Assignment. Leave out the pictures and repeat the data exactly.

Data provided.
# # #
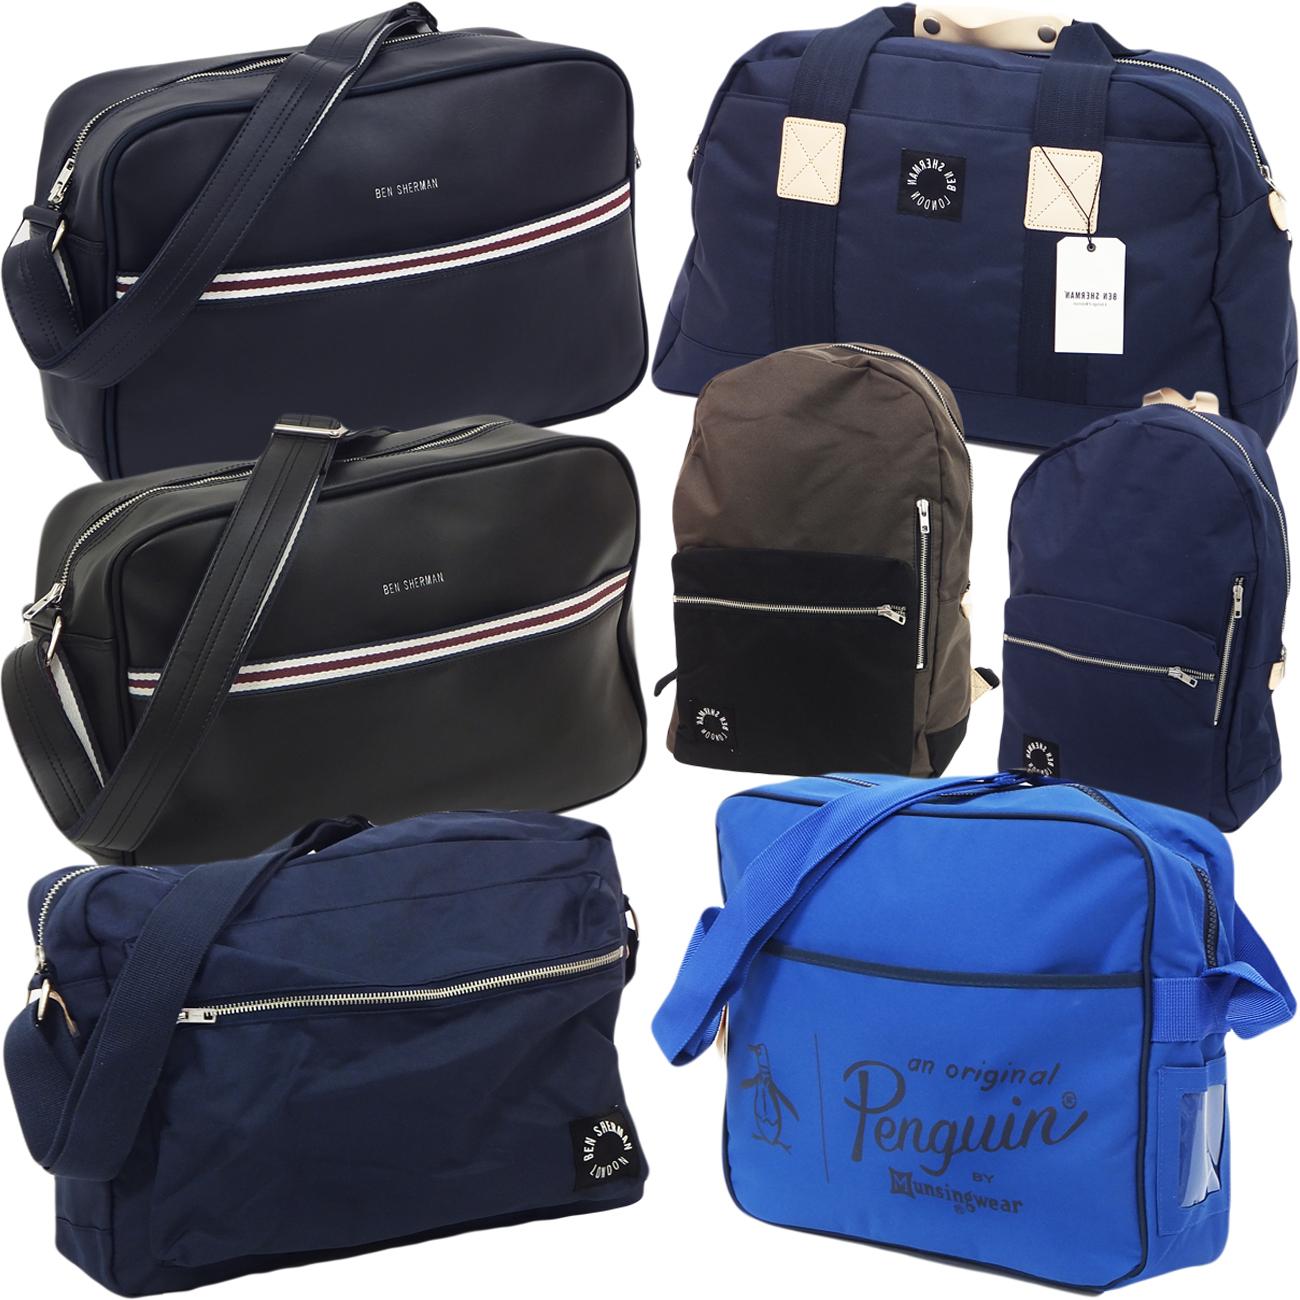 Gym Bag For Work: Mens Bags School Record Bag / Work Gym Holdall Messenger
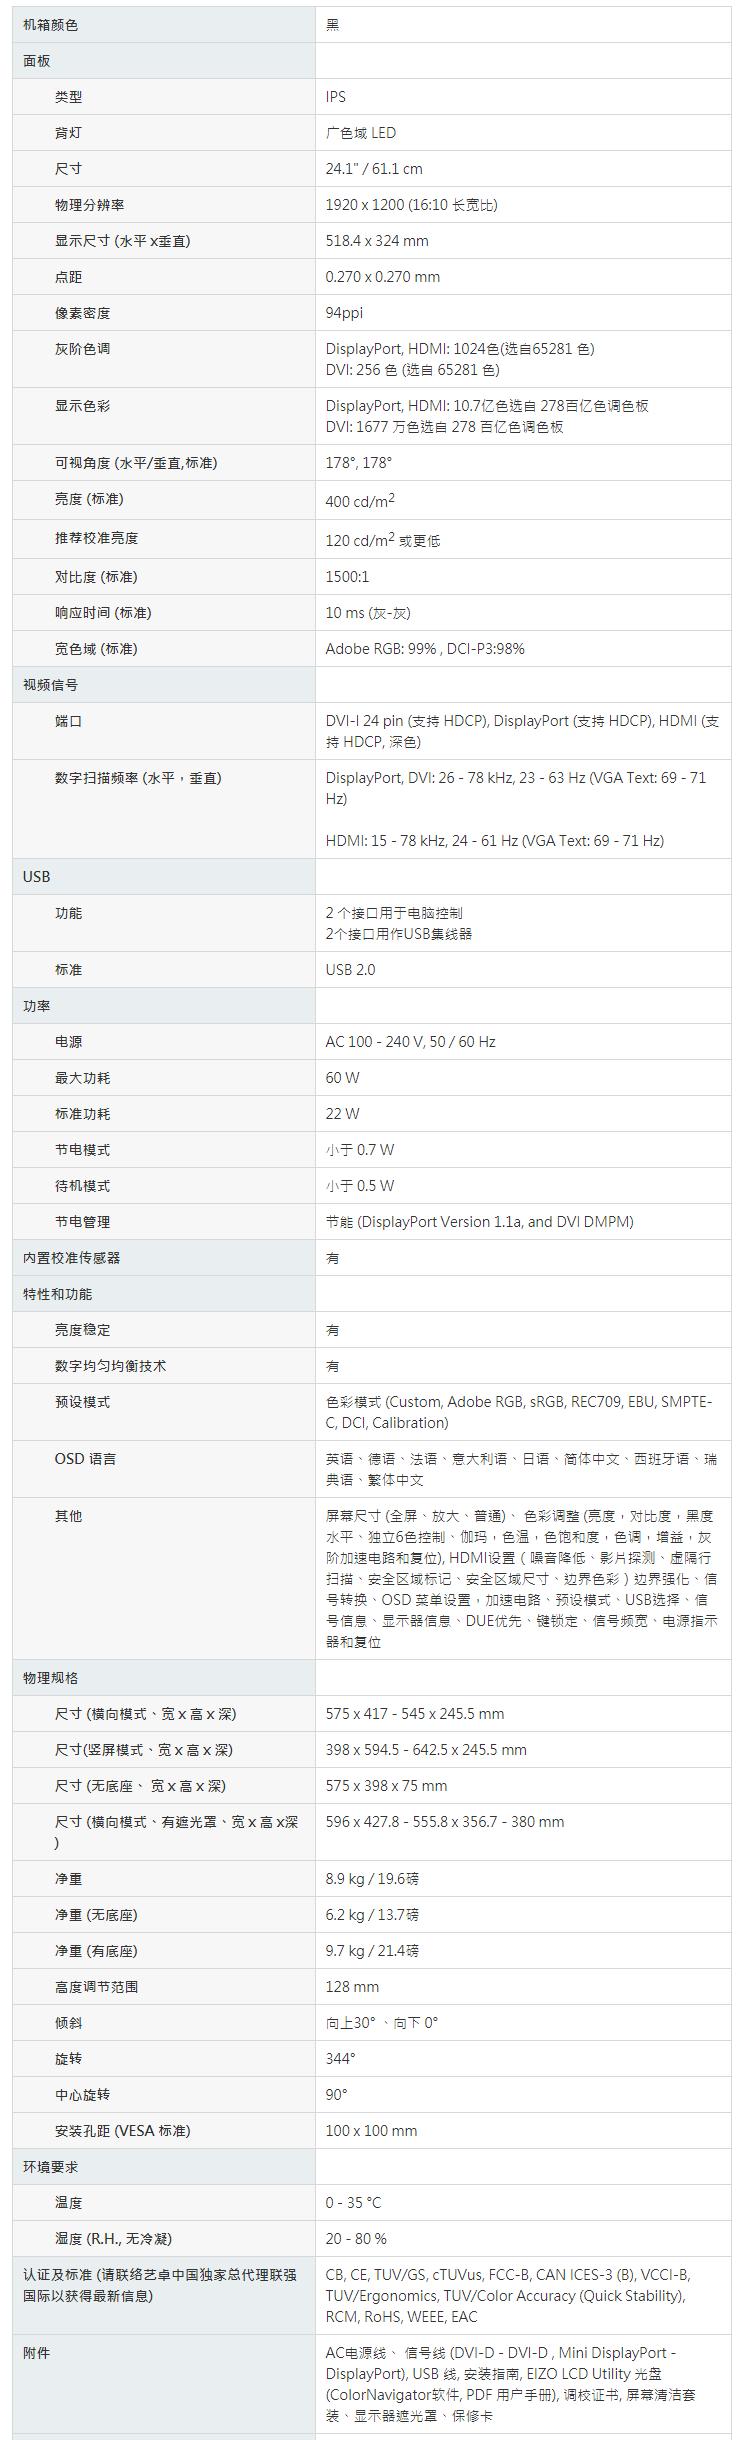 ColorEdge CG247X _ 艺卓
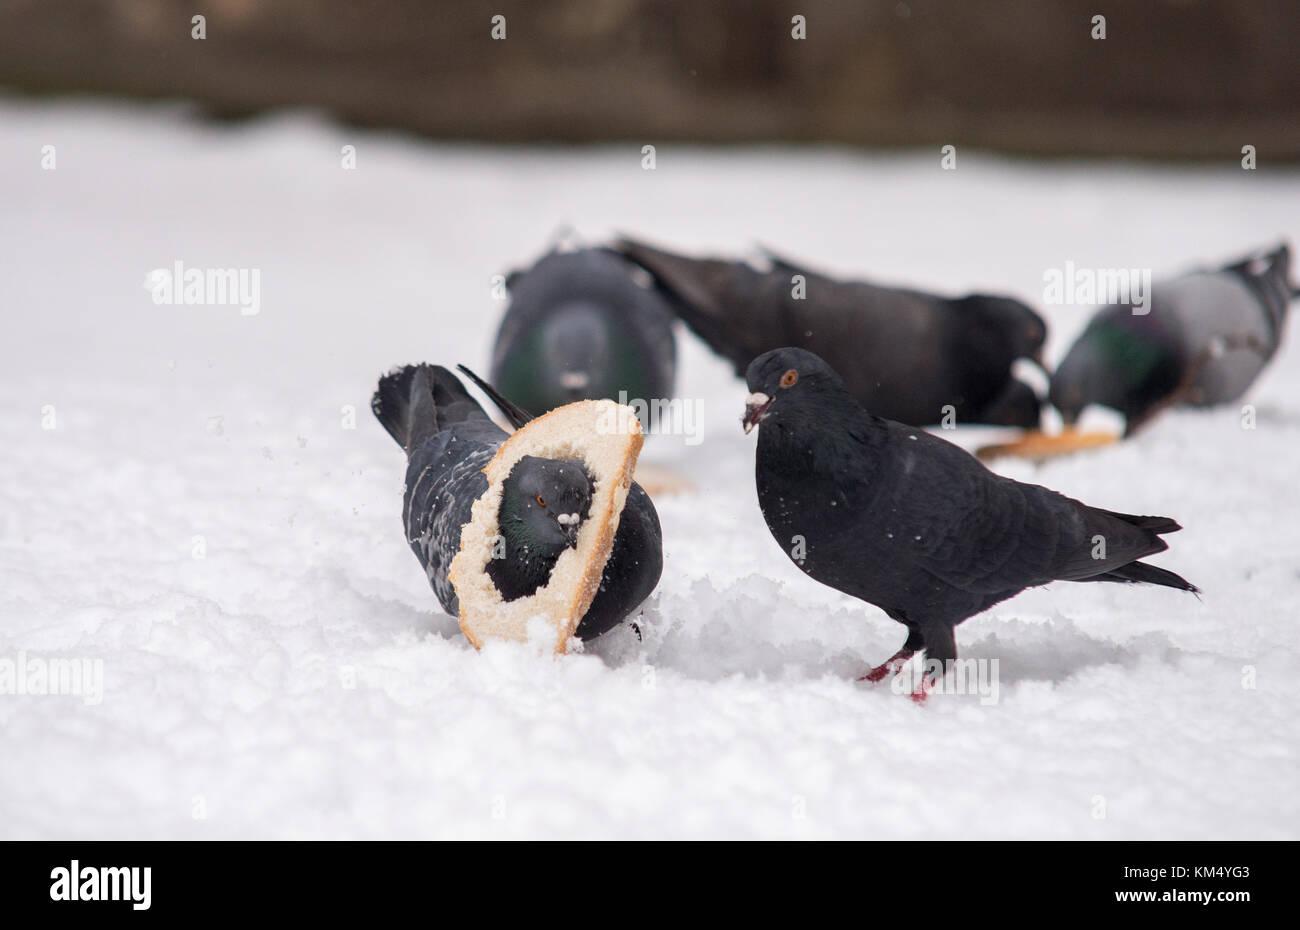 Clsose en dos palomas luchando por alimento en invierno Imagen De Stock
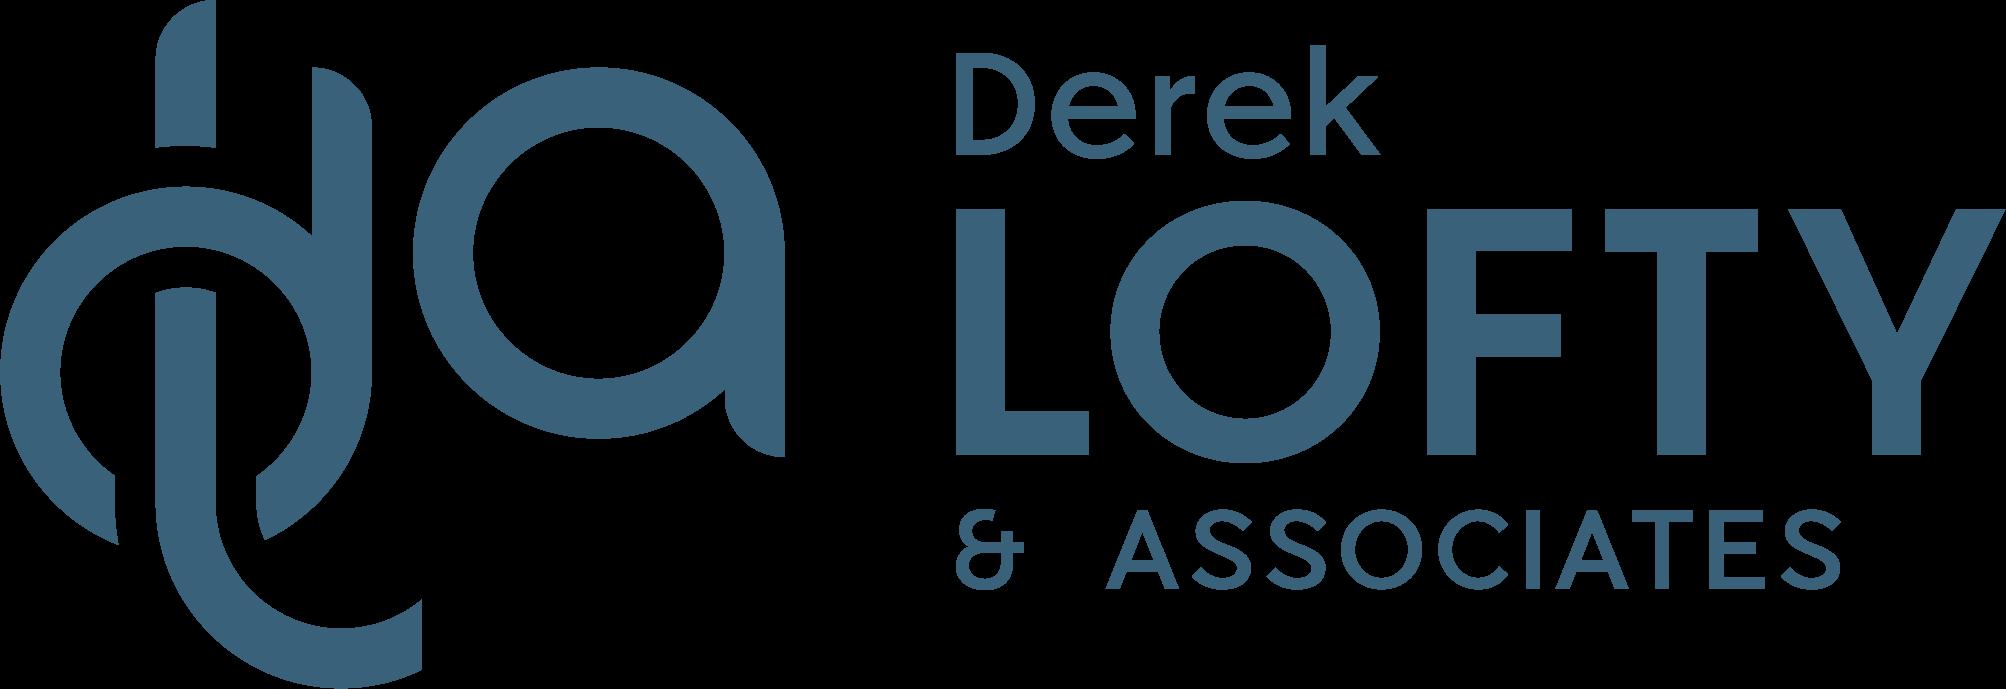 Derek Lofty and Associates
# # #
Finished task.
 Gym Bag For Work: Mens Bags School Record Bag / Work Gym Holdall Messenger
 ColorEdge CG247X _ 艺卓
 Clsose en dos palomas luchando por alimento en invierno Imagen De Stock
 Derek Lofty and Associates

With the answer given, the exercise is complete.